Dr. Kaestner’s studies demonstrate the power of ChIP-on-chip technology including its high resolution and ability to provide extremely specific information regarding the properties of the regulatory genes and their surrounding cis-active companions. As these studies move forward, they are providing a more detailed picture of differential gene expression and also the liver’s response to environmental toxins. A striking observation made by Dr. Kaestner and his coworkers concerns the ability of Foxa2 to bind to DNA even when the consensus sequence is not a strong match. Genes containing a cis-regulatory module with a weak consensus site are much more liver specific than those genes with a strong consensus site.
“Examining the chromatin of pancreatic islets isolated from normal or diabetic pancreases allows side-by-side comparisons of histone modifications with the eventual aim of determining how lifestyle changes predispose the individual to type 2 diabetes,” Dr. Kaestney adds.
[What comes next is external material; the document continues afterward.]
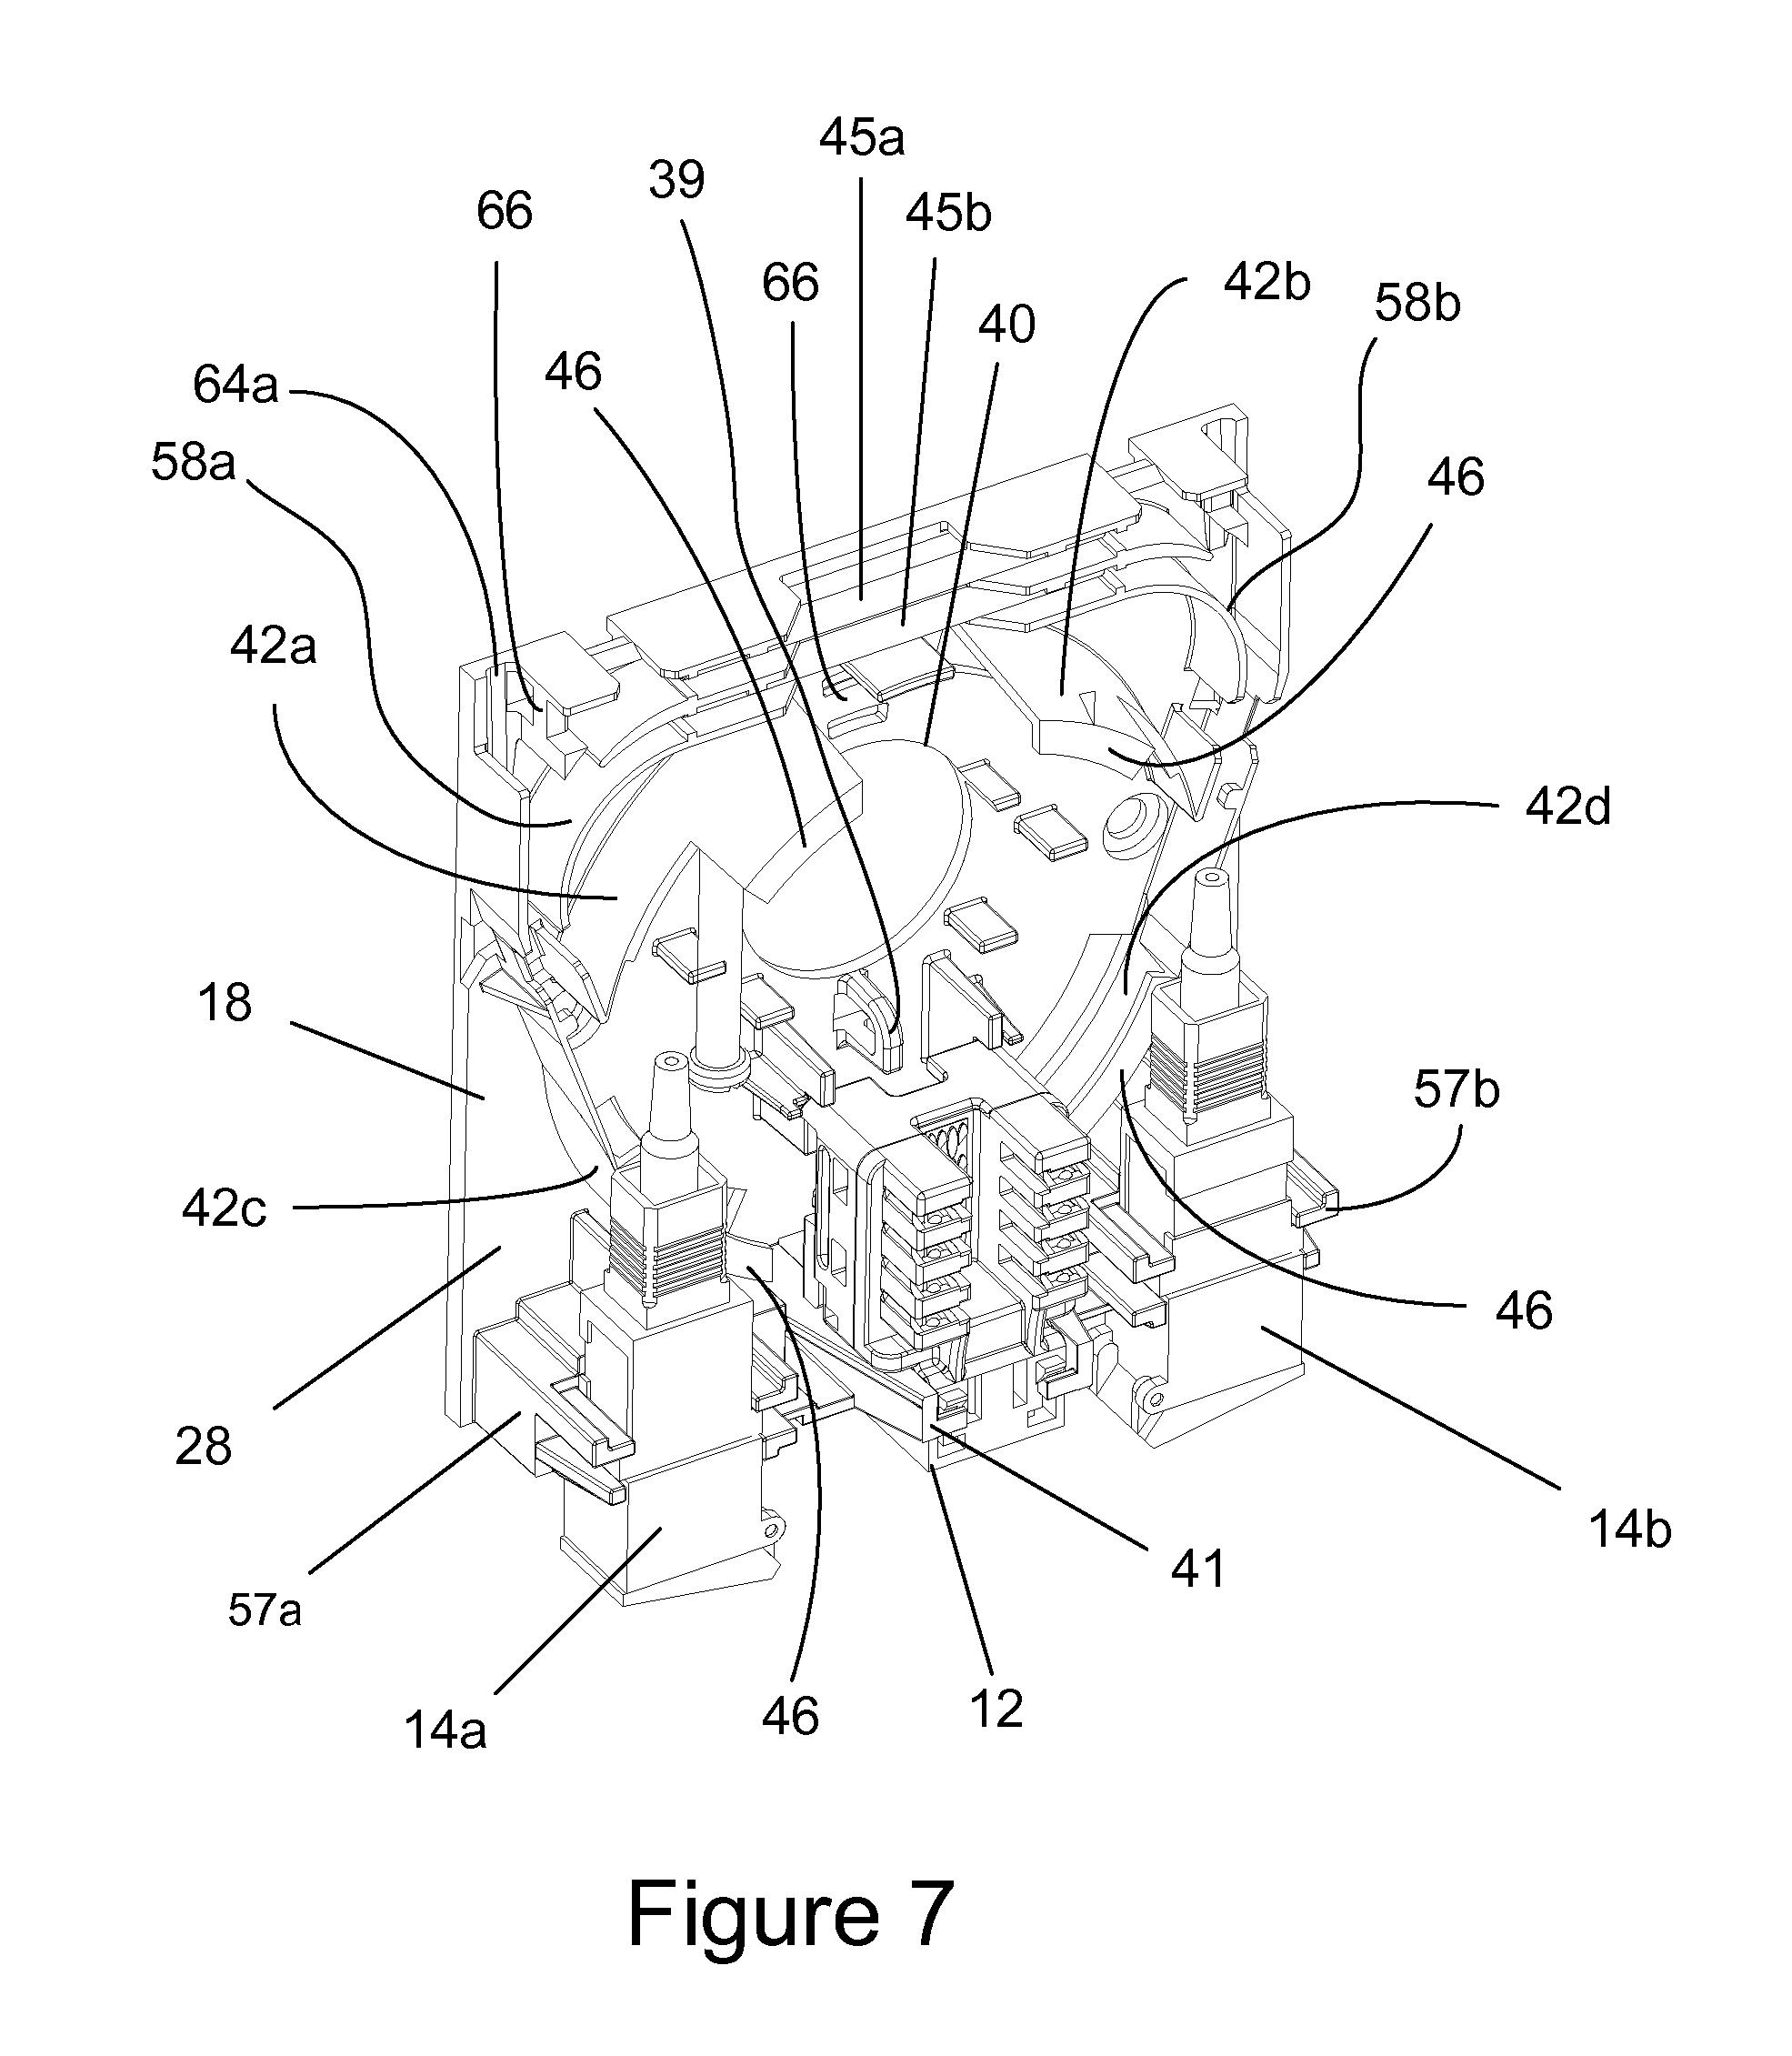 hight resolution of wiring diagram view diagram wiring diagram rj45 wall socket wiring socket outlet google on australian telephone
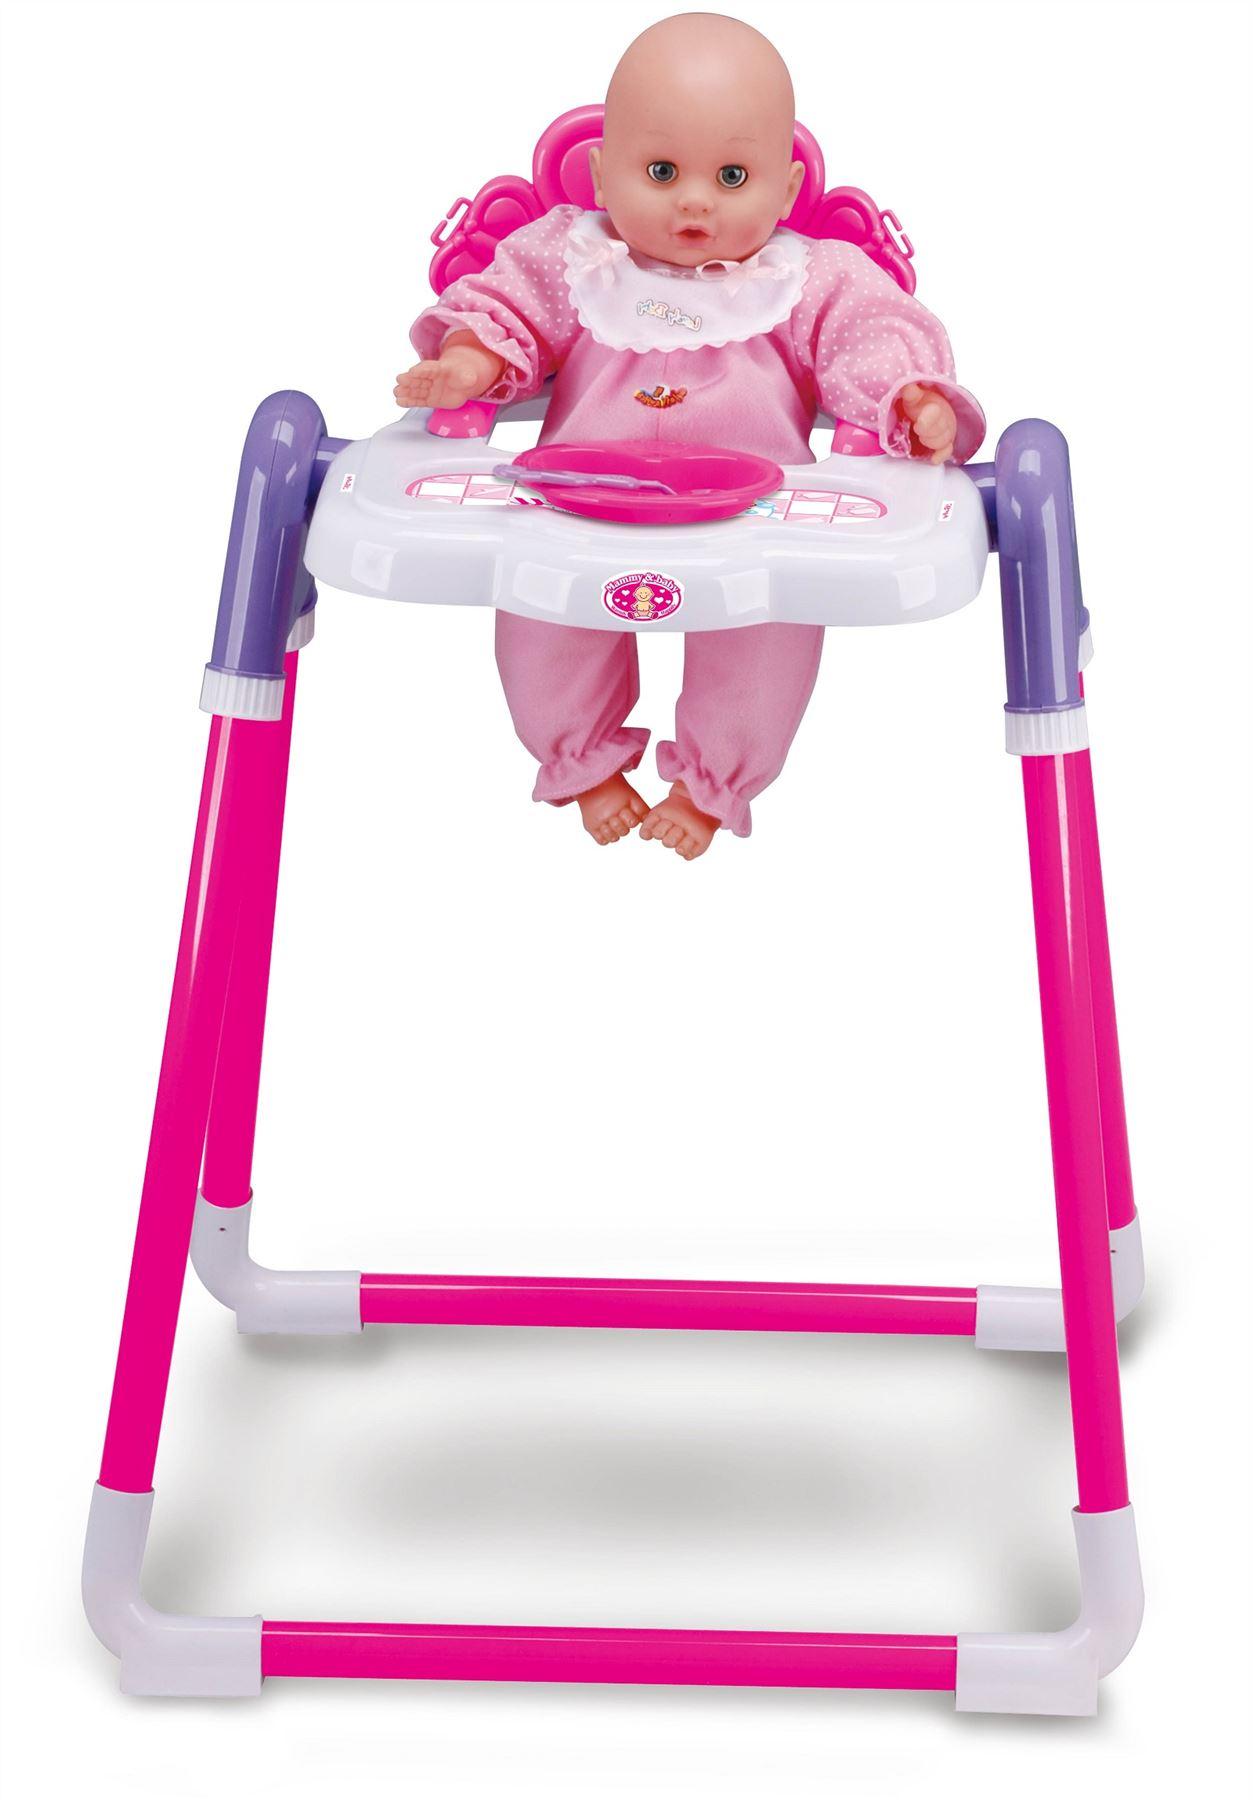 Baby Doll Childrens Kids Pretend Play Feeding High Chair

This technology represents an improvement on the early fishing expeditions of the genome and proteome for the exploration of potential therapeutic targets. Its sensitivity, specificity, and ability to uncover previously unknown regulatory networks suggest that within the near future specific models for drug development will come to light.
On the other hand, one needs to be realistic concerning the time frames and the difficulty of applying new technologies to a process that becomes ever more challenging. The draconian elimination process for new drugs and the long road through the pipeline will continue to be a constant challenge for biotech and pharma companies as they attempt to apply this platform.